Kreuzlingen – Anlässlich des Besuchstags der Pädagogischen Maturitätsschule Kreuzlingen wurden im Rahmen des Campuskonzerts vier Maturanden ausgezeichnet.

Vier Maturanden wurden für ihre Maturaarbeiten ausgezeichnet. (Bild: zvg)

Besuchstage haben ihren eigenen Zauber. Eigentlich dienen sie dazu, Eltern und Geschwistern zu zeigen, wie der Alltag an der PMS aussieht. Doch am Wochenende herrschte weniger eine arbeitssame als eine fröhliche Atmosphäre im alten Klostergebäude. Natürlich erlebten die Angehörigen einige echte Unterrichtsstunden, doch danach traten Musikensembles und Tanzgruppen auf. Höhepunkt des Besuchstags war unstrittig das Campuskonzert, zu dem PMS und die PH Thurgau dieses Mal unter dem Motto «I hate Music» geladen hatten. Der Titel geht auf einen Liederzyklus von Leonard Bernstein zurück, dessen hundertsten Geburtstag die jungen Musiker feierten. Das Konzert bildete den idealen Rahmen für die Auszeichnung von drei Schülerinnen und einem Schüler, die aussergewöhnliche Maturaarbeiten abgeliefert hatten.

«I hate Music» dürfte allerdings zumindest für zwei von ihnen nicht der richtige Wahlspruch sein. Tarek Alakmeh aus Kreuzlingen hat eine App für Musiker entwickelt, mit der sie ihre Fortschritte laufend überprüfen können. Er ist selbst Pianist, lernt in der spezialisierten Kunst-und-Sport-Klasse und übt jeden Tag viele Stunden. «Bisher kannte ich solche Apps nur aus dem Sport, bei Fitnesstrackern etwa». erklärt er. «Jetzt können auch Musiker erfassen, was sie wie lange üben und welche Fortschritte sie machen.» Sein Programm mit dem Namen «Apphoven» ist frei im Google Play Store herunterzuladen. (https://play.google.com/store/apps/details?id=com.apphoven.apphovenAlpha&hl=de.) Fabiana Bassetto aus Frauenfeld hat nicht nur die Geschichte der Violine erforscht, sondern auch gleich selbst eine gebaut. «Das war immer mein Traum», sagt sie, «Ich fürchtete nur, es sei zu schwierig.
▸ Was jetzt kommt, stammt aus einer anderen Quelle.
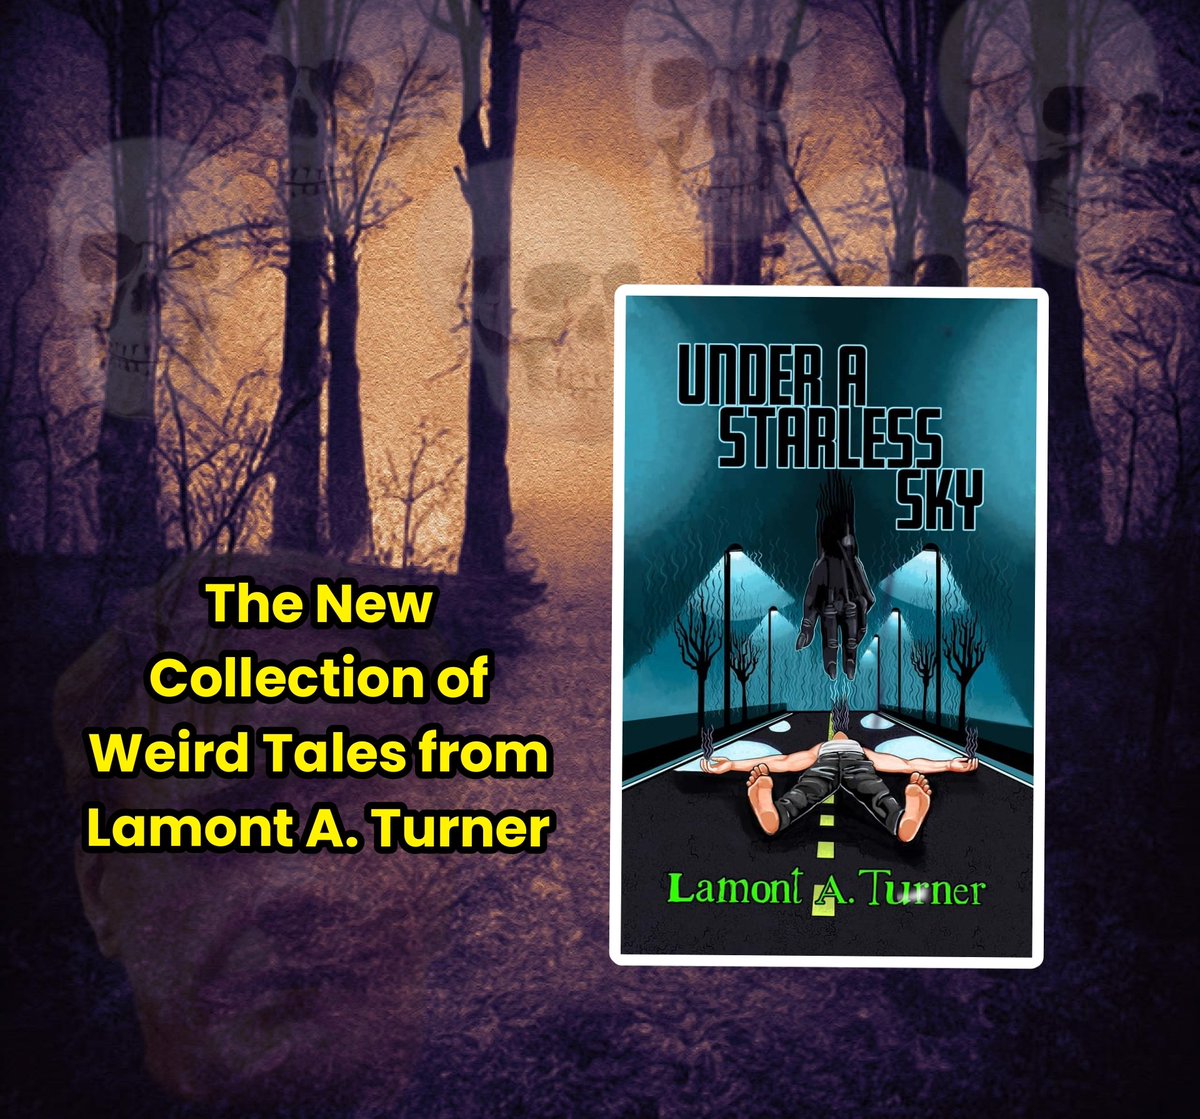 @AJWritesWorlds Welcome back to the haunted swamps of the deep south with the third volume of weird short fiction from Lamont A Turner. Under a Starless Sky is another mind-bending brew of Lovecraftian horror, pulp noir, and dark mystery. amazon.com/dp/B0D2XT164Q?…

Schliesslich hat es mich aber doch gereizt.» Ihre herkömmlich gekaufte Geige ist ihr zwar immer noch etwas lieber, aber der Eigenbau klingt, wie sie selbst sagt, «besser als erwartet».

Anina Merz aus Weinfelden bekam die Auszeichnung für ihre medienkritische Arbeit «Spielt Wahrheit überhaupt noch eine Rolle». Sie analysiert den Einfluss von Filterblasen und Fake News auf die Demokratie. «Der Journalismus hat eine Zukunft», ist ihr optimistisches Fazit. «Er ist zu wichtig für unsere Regierungsform, aber es braucht Anpassungen.» Sophia Wentkowski aus Wigoltingen hat die vermeintliche oder tatsächliche Wirkung von Kaffee untersucht. Mit Blindstudien belegt sie, dass die Anregung durch Koffein zu einem Teil auf einem Placebo-Effekt beruht, der durch Autosuggestion ausgelöst wird. Wer glaubt, koffeinhaltigen Kaffee zu trinken, fühlt sich belebt, auch wenn er koffeinfreien bekommen hat. «Seit ich die Studie gemacht habe, trinke ich in der Mensa keinen Kaffee mehr», lacht Sophia. «Der wirkt bei mir nicht mehr.»

Die vier Maturanden haben sich mit ihren Arbeiten gegen 13 andere Bewerber an der PMS durchgesetzt, die ebenfalls alle die Bestnote «6» bekommen hatten. Die Jury hatte es dementsprechend schwer sich zu entscheiden. Für die Stiftung für Jugendförderung im Thurgau, die das Preisgeld ausgesetzt hat, ist auch die hohe Teilnehmerzahl ein grosser Erfolg, wie Stiftungsrat Bernhard Friedrich in seinem Grusswort sagte: «Ihr habt auf viel Freizeit verzichtet und gut in eure weitere Laufbahn investiert. Derart zielstrebige und fleissige junge Menschen zu unterstützen, ist erklärtes Ziel der Stiftung.»